The simple coverage example I gave above shows the delta method does not lead to a true 95% coverage probability in a simple 2x2 case. The delta method fails to get coverage correct, so what is presented as a 95% confidence interval is simply not and therefore cannot be accepted as a true 95% confidence interval when used as an estimator with a finite sample.

An asymptotic proof is required for any decent estimator but understanding the behaviour of finite sample coverage can be just as important.

Oh, and there is one more thing - a narrower confidence interval is better. It is easy to see that the delta method yields a narrower confidence interval when comparing it to the other method.
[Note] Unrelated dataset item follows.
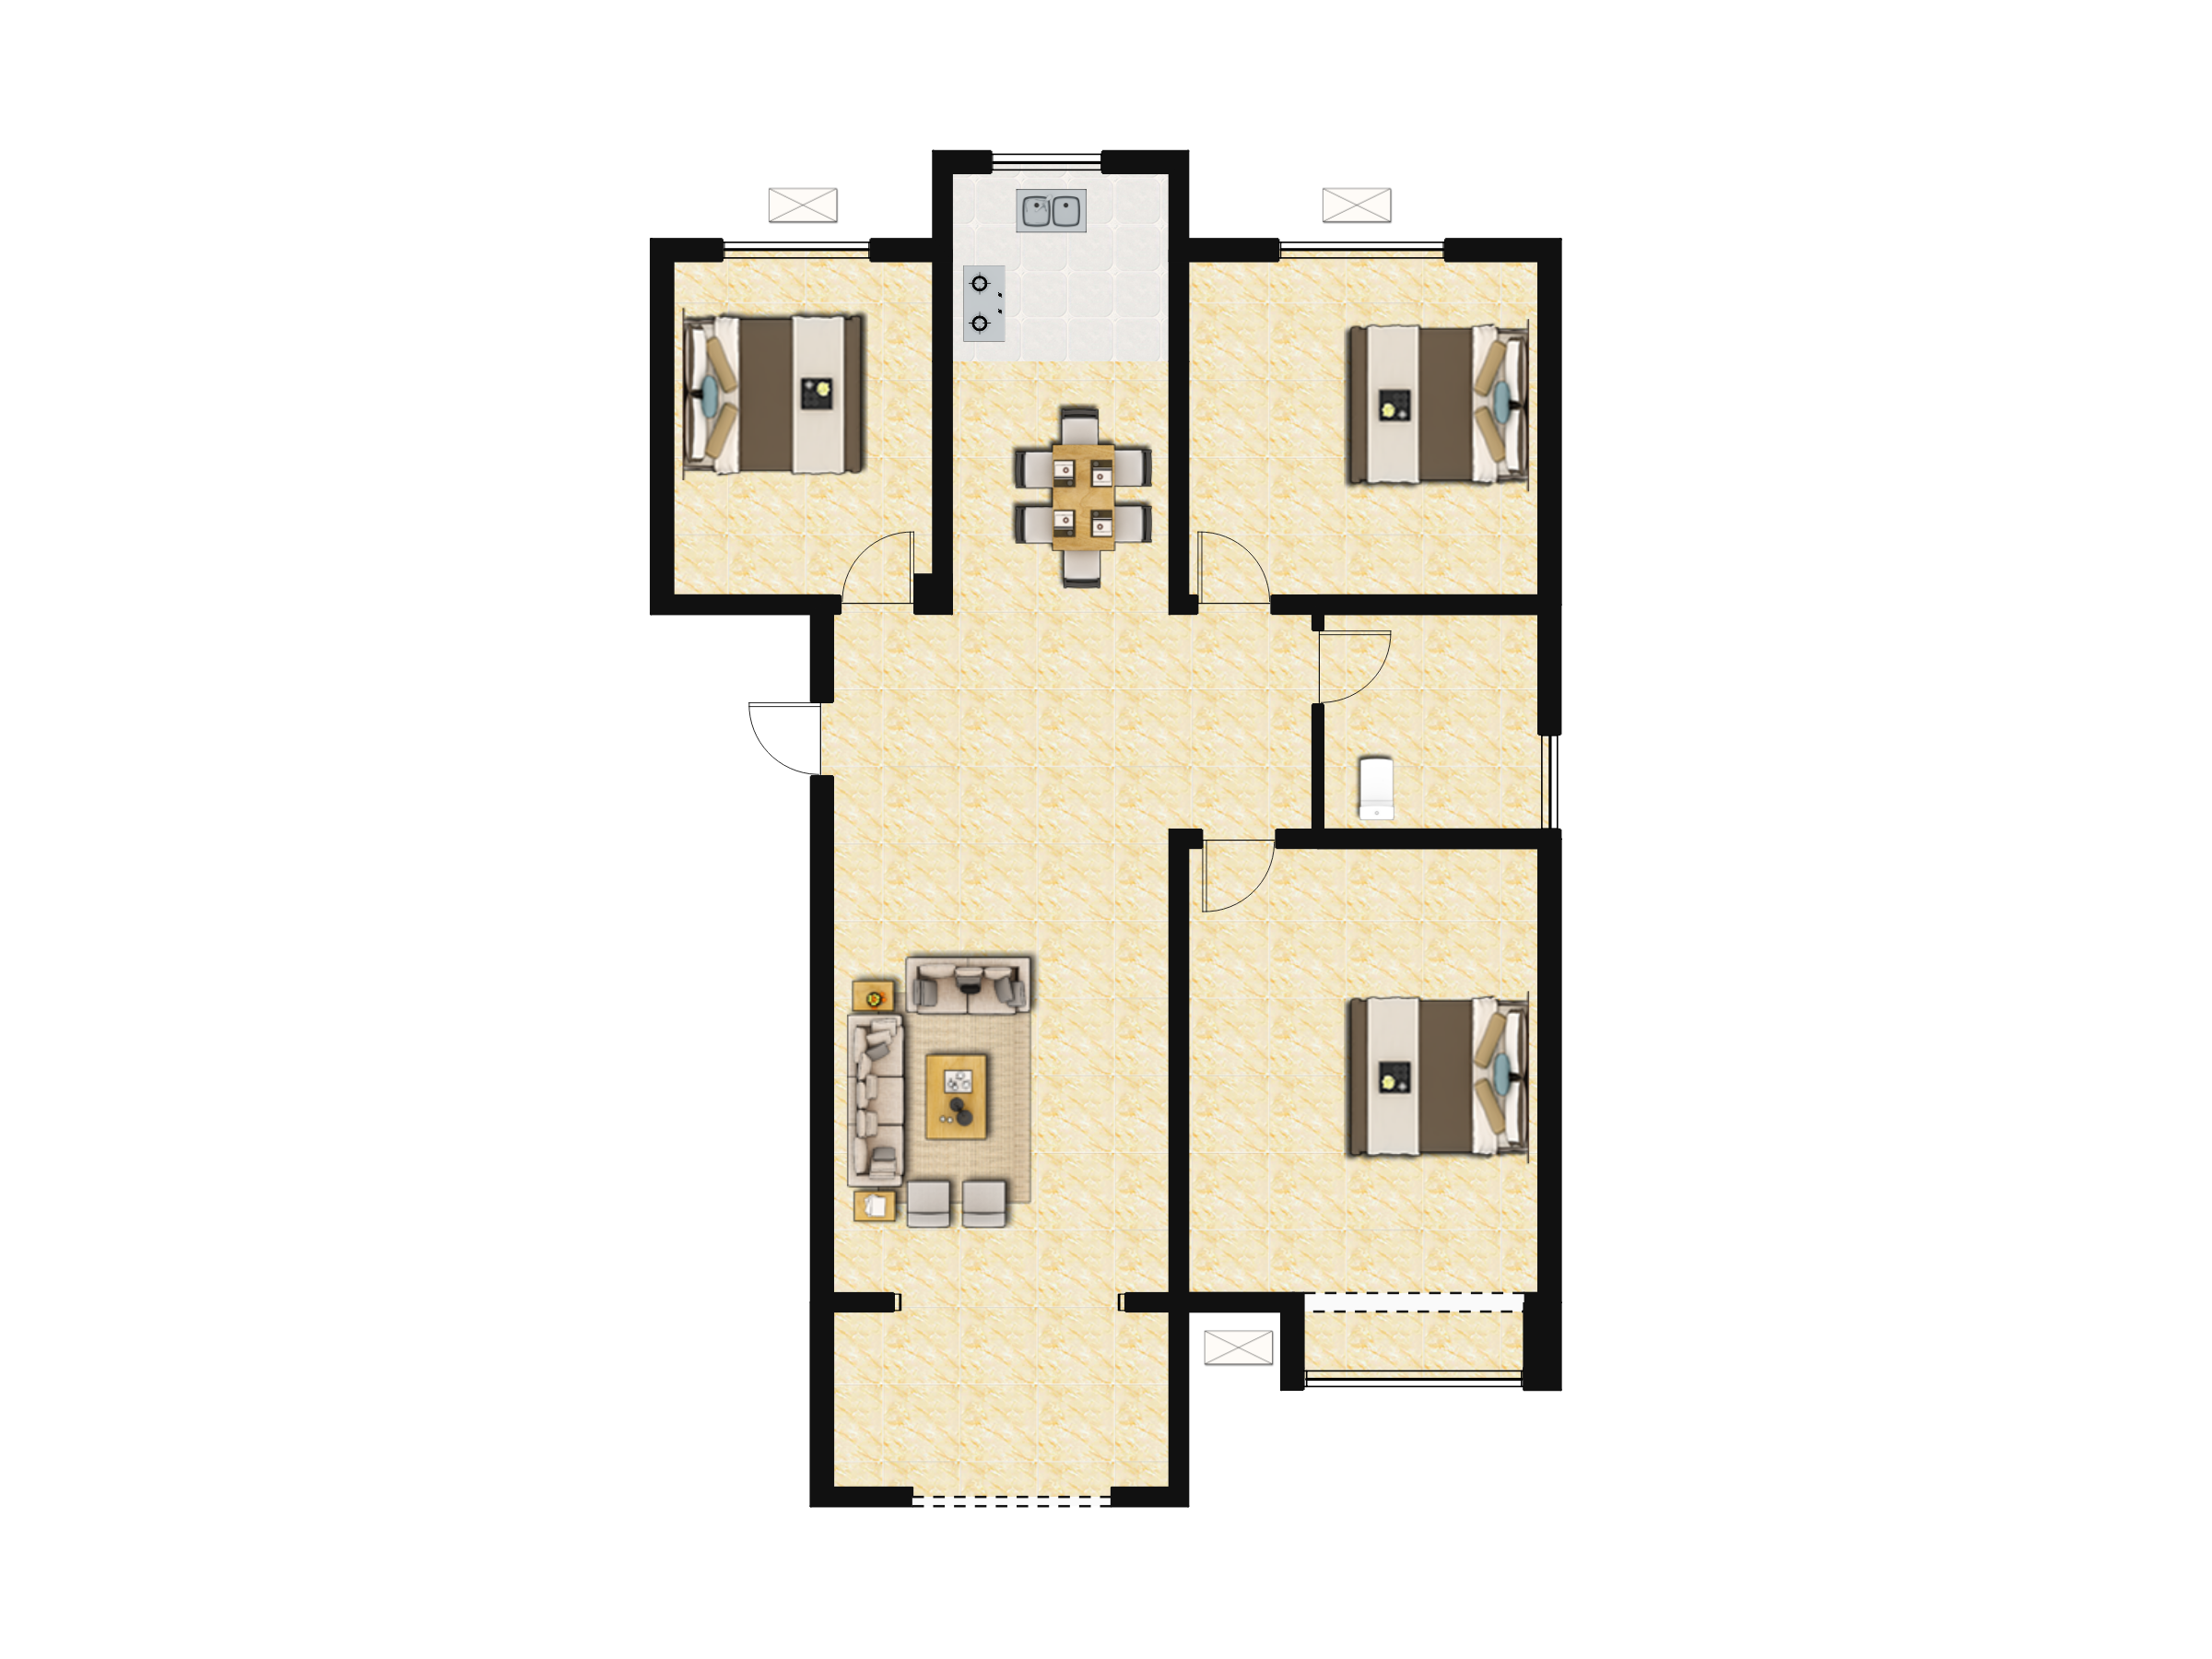 保利云洲花园A-1户型图,4室2厅2卫149.25平米- 成都透明房产网

This statement is internally inconsistent and further proof of the problem. If I have 2 coverage intervals claiming to be 95% coverage intervals and one is narrower than the other–one of them is wrong. They both can’t be right, so one is obviously not a 95% coverage interval. The results of the simulation I posted are sufficient to reject the validity of the delta method for providing a true 95% CI.

So one method leads you to non signifcant reult (and no publication :frowning: ) while the other one is statistically significant. So what would you do?

Picking the one that gives a better p-value for publication is going off the deep end into data dredging. The proper way is to use a method that has good coverage behaviour, and to pick that method a-priori and stick with it. Given the validation above of Stata’s approach as a reviewer I would accept “We used Stata for logistic regression and have the following result …”.